--- START ---
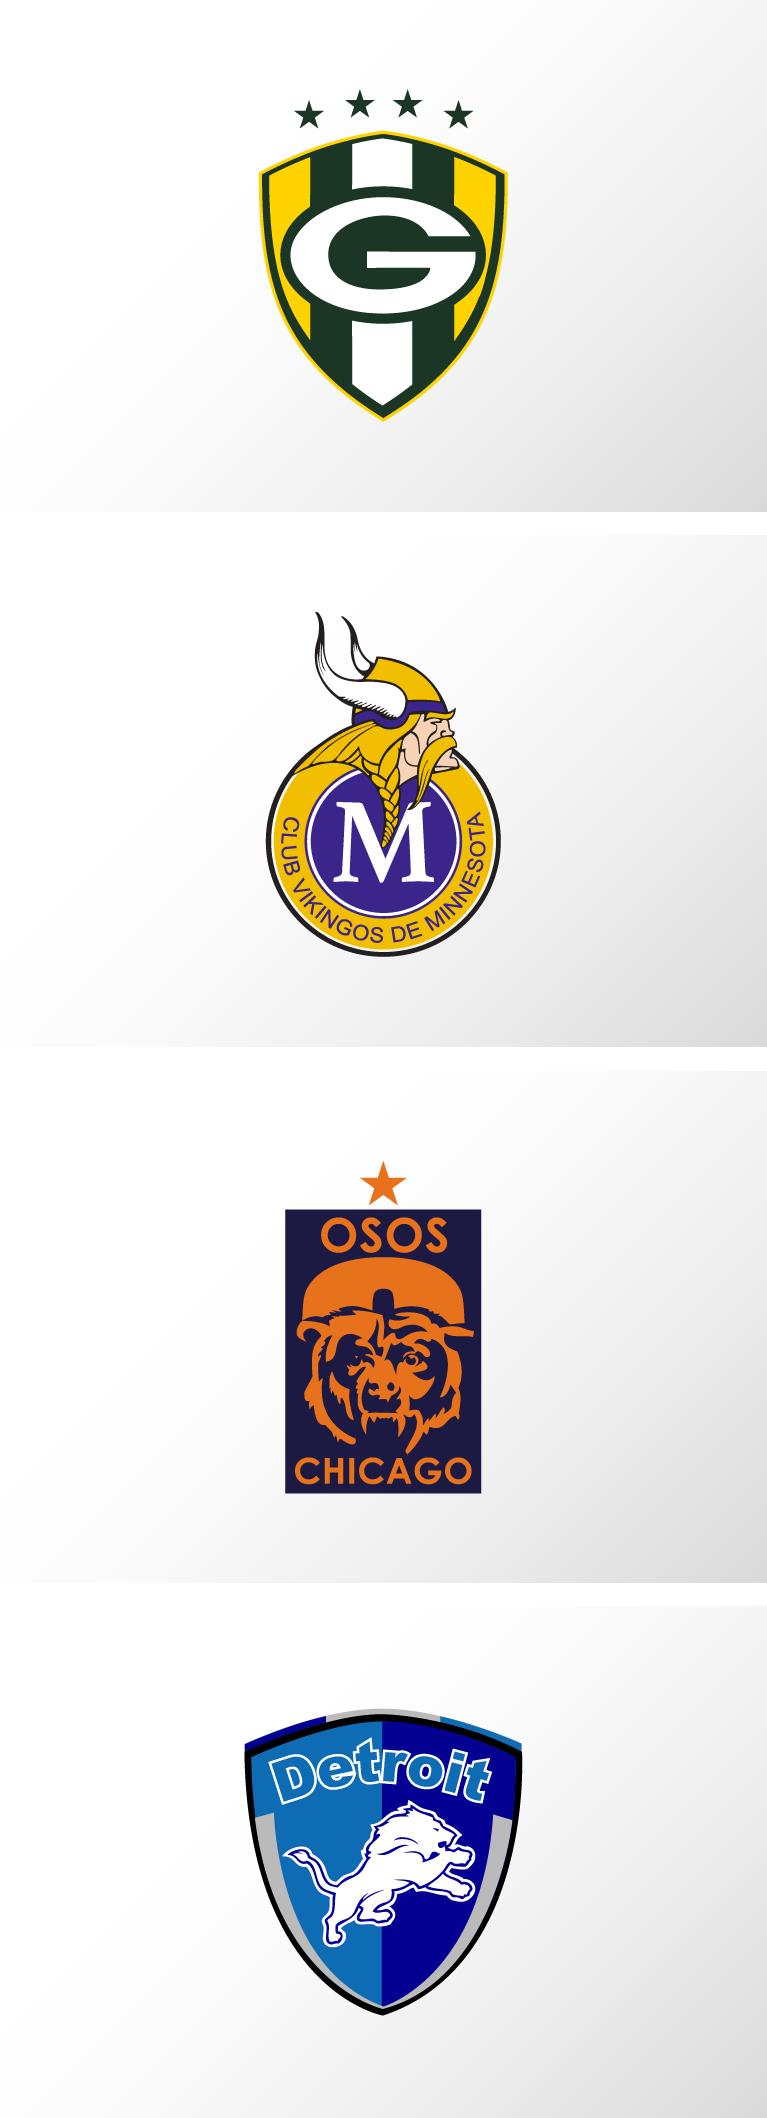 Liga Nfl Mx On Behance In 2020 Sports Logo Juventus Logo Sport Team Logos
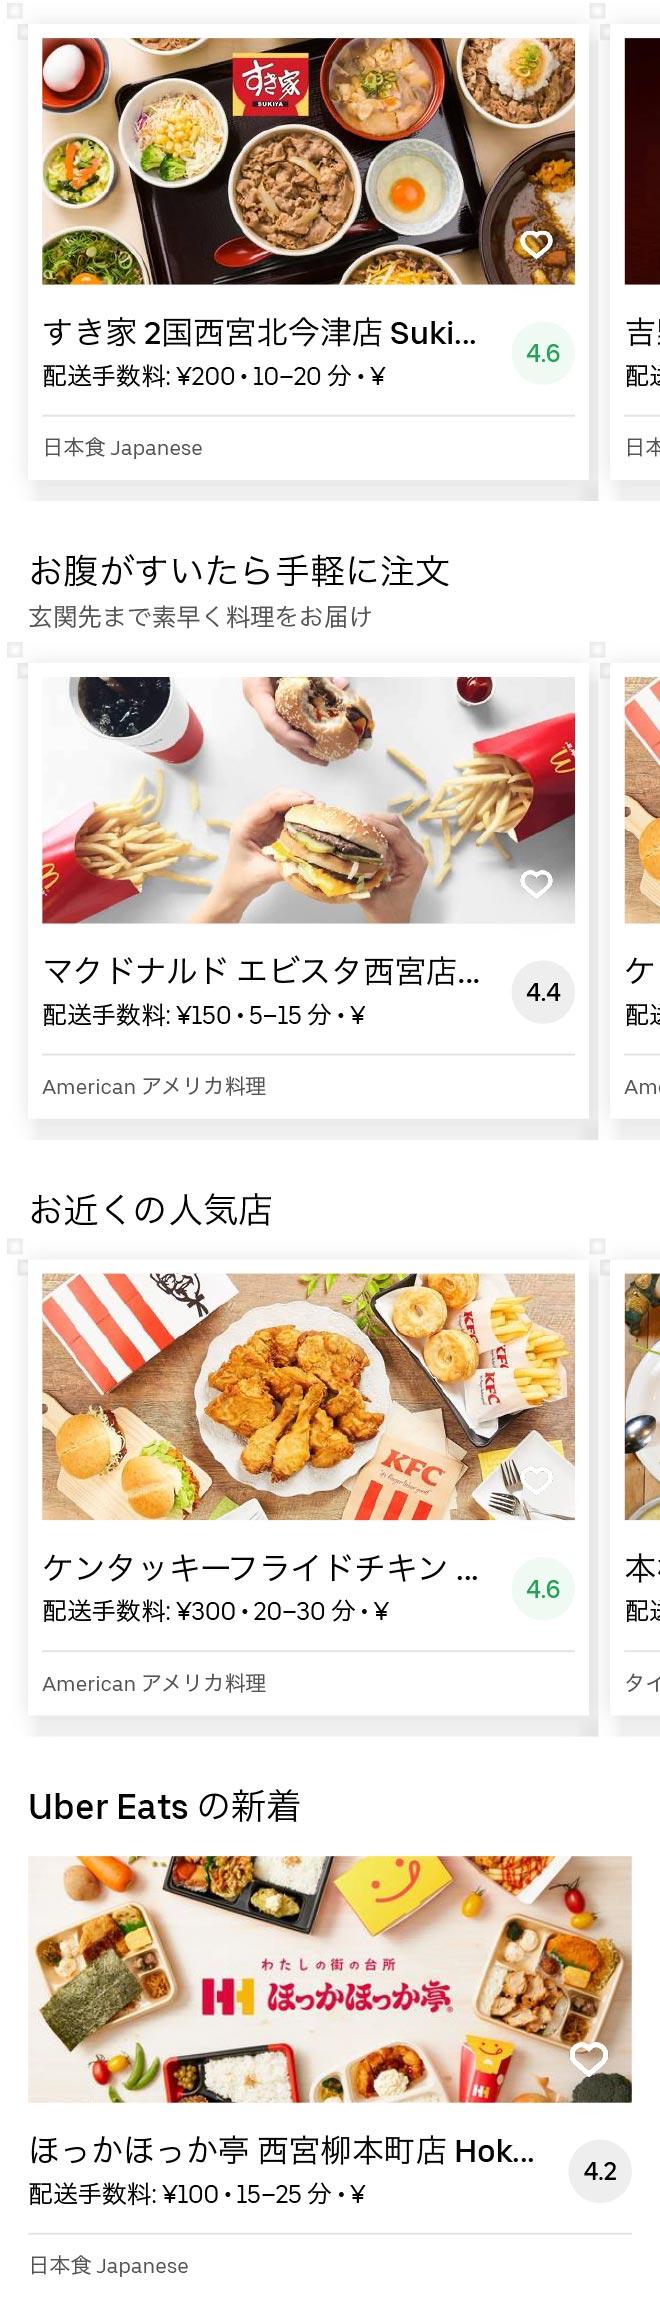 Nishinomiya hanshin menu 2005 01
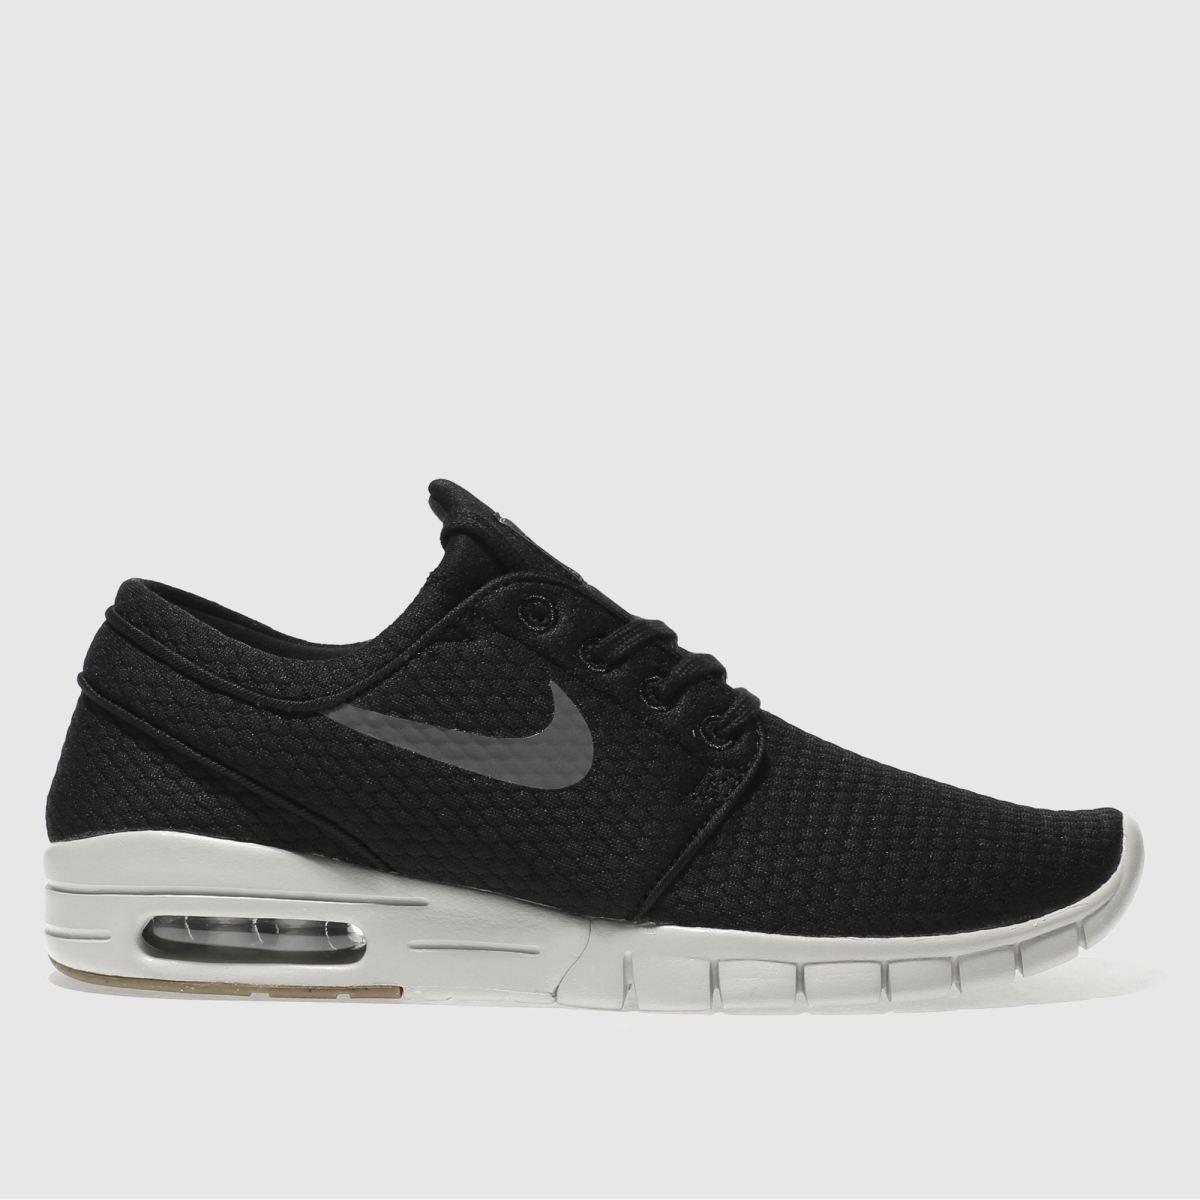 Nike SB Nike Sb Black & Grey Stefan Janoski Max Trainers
--- END ---
Work to complete ▸ Each line from the one containing "Nishinomiya hanshin menu 2005 01" through the last line of the data should be written out exactly. Skip the pictures, and add no other lines.

Result for this task ▸
 Nishinomiya hanshin menu 2005 01
 Nike SB Nike Sb Black & Grey Stefan Janoski Max Trainers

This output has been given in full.